Latecomers Lose at the Stock Option Casino
By Anonymous

(FORTUNE Magazine) – It doesn't pay to be in a hurry. The Silicon Valley insider never rushes to sign up with a company whose IPO is just around the corner. But how could I have known that when I started out?

Drawn to the Valley by an offer to join a promising Net startup back in early 1996, I was over the moon to get options. My 50,000 shares at a grant price of $7 made me feel as though I were about to win the lottery. Geez, I thought, this company is only months from going public, and even though no one "officially" knew what the price of the shares would be on the day of the IPO, the buzz placed it at $12 to $14. That meant--could it be?--that the value of my shares would be between $250,000 and $350,000 after a few months of work. That would have been almost enough to make a down payment on a rundown, 50-year-old ranch house somewhere in the Valley, at least back in 1996.

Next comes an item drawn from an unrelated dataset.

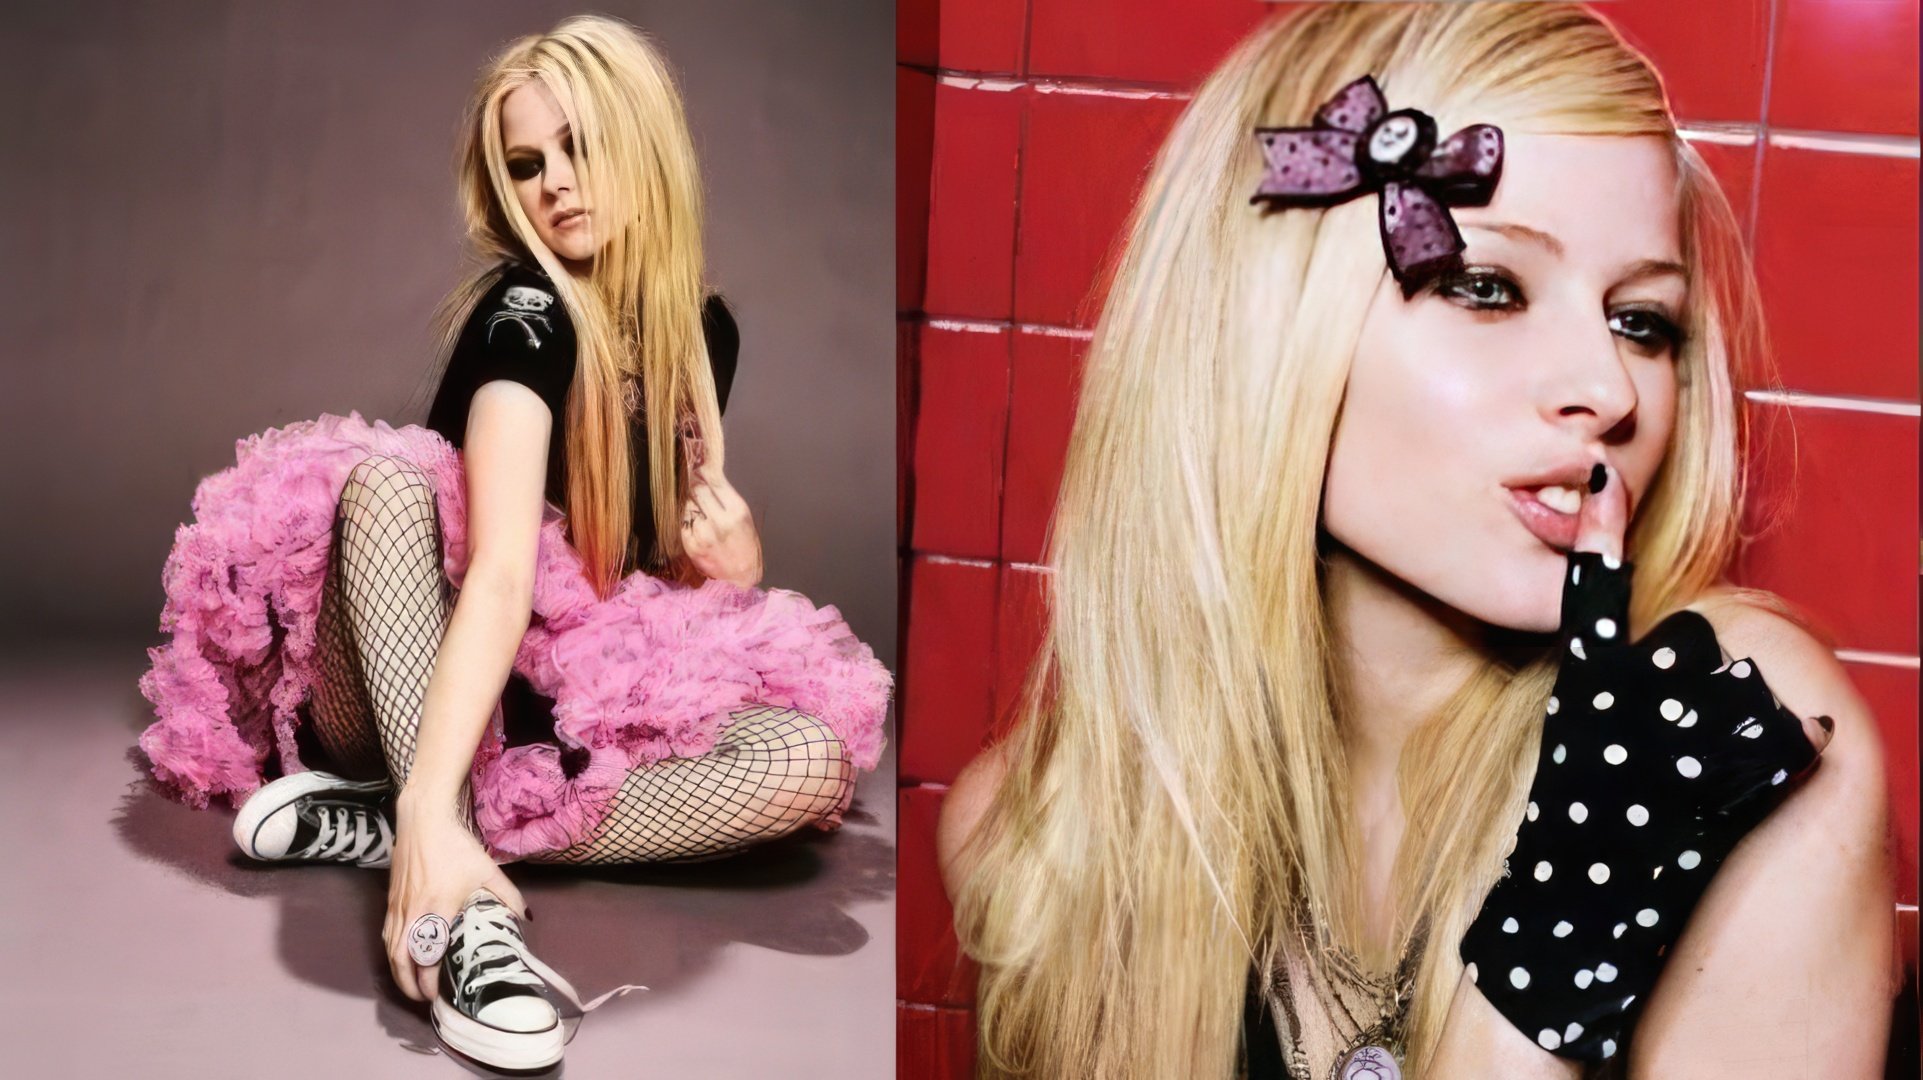  'Punk Princess' Avril Lavigne

Of course, those numbers were not worth much more than the basic arithmetic that generated them. The investment bankers who underwrite an IPO require senior managers of a newly public company to wait six months before starting to sell stock. In my case, I had to wait a few months longer, until I vested my first batch of shares. Most Silicon Valley companies write options agreements so that employees vest 25% of the options at the end of the first year of service and then a pro rata share of the balance each month for the next three years. In other words, it takes four years to get your hands on all of your options.

As I hoped, the company went public a few months after I arrived. For a few brief weeks the future looked bright. The only strange turn of events was the sudden resignation of a few mid-level managers. They sent out messages containing the usual mumbo jumbo about how much they had enjoyed their time at the company but how they were now irresistibly drawn to new challenges. Right.

I wondered if they had in fact been fired, but one of my more experienced colleagues--a definite insider--explained what was going on. The folks who left, he said, had joined the company in its early stages, more than a year before the IPO, when the company had just a couple of dozen employees and shaky prospects. In order to attract new hires, the company gave out very large stock grants, at prices of just pennies per share. When we went public the folks who joined early were already vested in tens of thousands of shares at a strike price of pennies per share. They were too junior to get caught in the six-month lockout; once they were out, they had 60 days to buy their vested shares at the option price (just pennies!) and then hold or sell. I bet they sold.

Why the hurry to exercise the options and scoot? Back in 1996 it was not at all clear that an IPO would necessarily lead a new issue to a Yahoo-like space shot. The received wisdom then was that shares for newly public companies did well at first but faltered in the medium term. So you can make the case that it's better to get out early while the stock is hot and then go find another startup.

If that get in, get out, get rich strategy strikes you as a bit disreputable, then there's the next best alternative to consider: Get those penny shares and stay on for at least four years. The share price may roller-coaster over the months, but if you have penny shares the company has to really crater before your shares are out of the money. Over four years, there is a nice averaging effect if you sell off monthly. My colleagues call it VIP, for "vesting in peace." The ones I know who got it right seem to buy a lot of new cars and other toys.

Of course, my strike price of $7 is not the same as penny shares, which points up my lack of experience back in '96. If a company is close to an IPO, you might think, Great, my shares will be liquid that much sooner. The only problem is that the grant price is higher and the grant size is smaller. Woe is me, my company got in trouble less than a year after we went public. Suddenly my shares were way, way under water. So much for the down payment. That shattered my morale, but the early birds with lots of penny shares weren't much fazed.

The moral of the story: If you're going to get into the startup racket, join when the options are very cheap and management dishes them out in big dollops. Then, when the IPO comes you'll have a bucket of shares already vested. Whether you bolt around the time of the IPO or hang on for four years, you're likely to be in the money. At least, that's what I hear the insiders do.

ANONYMOUS is a high-ranking executive at a prominent Internet company. This is the second column in his series on learning the ins and outs of Silicon Valley. He admits to being a carpetbagger. And he wishes to remain anonymous.